Добавить в цитаты Настройки чтения

Страница 127 из 145

Она запнулась. Продолжая недоумевать, он выжидательно глядел на нее.

— В общем, — порозовев, заговорила она опять, — у них там ты смог бы, наверно, проверить эту свою… этот свой, ну, метод, что ли… Не веришь, да? А я почему-то уверена, вот честное слово!

— Нет, почему же… — медленно произнес Валентин. — А где это — там?

— У моего отца, — как бы досадуя на его бестолковость, отвечала Ася и тотчас добавила — Ты не думай, он очень поддерживает молодежь — я от многих слышала.

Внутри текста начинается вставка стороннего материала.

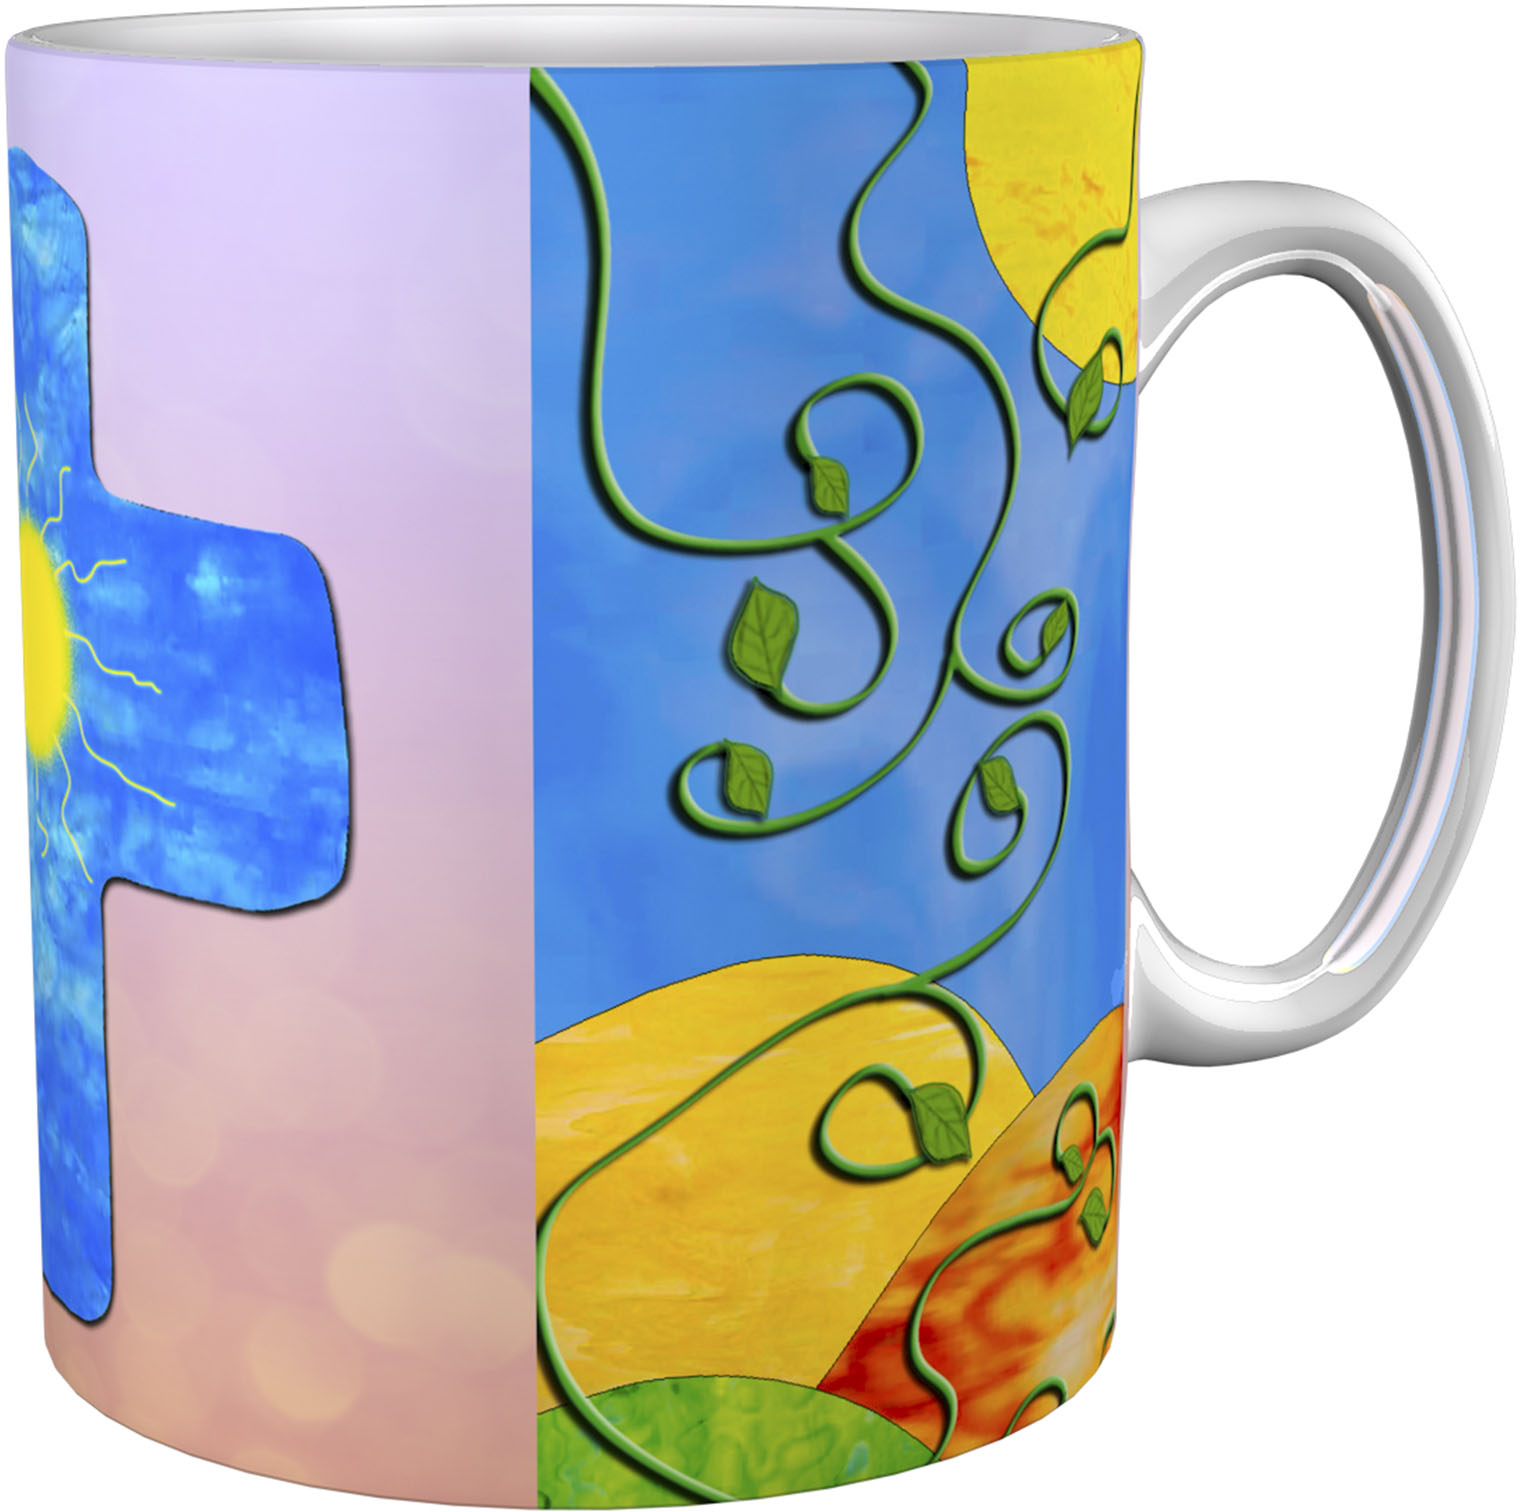 Kaffeetasse / Kaffeebecher / Kreuz / Sonne / Christlich

— М-да… А он кто у тебя, отец-то? Она отвела взгляд и буркнула:

— Начальник управления.

— Ясно, — сказал он, и вдруг ему стало смешно — совсем некстати вспомнился тот гулакочинский рыжий «сын» начальника управления с его мрачным шепотом: «Ша, в то время не шутили!»

— Ты чего? — обидчиво насторожилась Ася.

— Да я так, ничего, — Валентин мигом подавил смех и поспешно продолжил — Спасибо, конечно, но это невозможно. Тут много всяких причин, а кроме того… кроме того…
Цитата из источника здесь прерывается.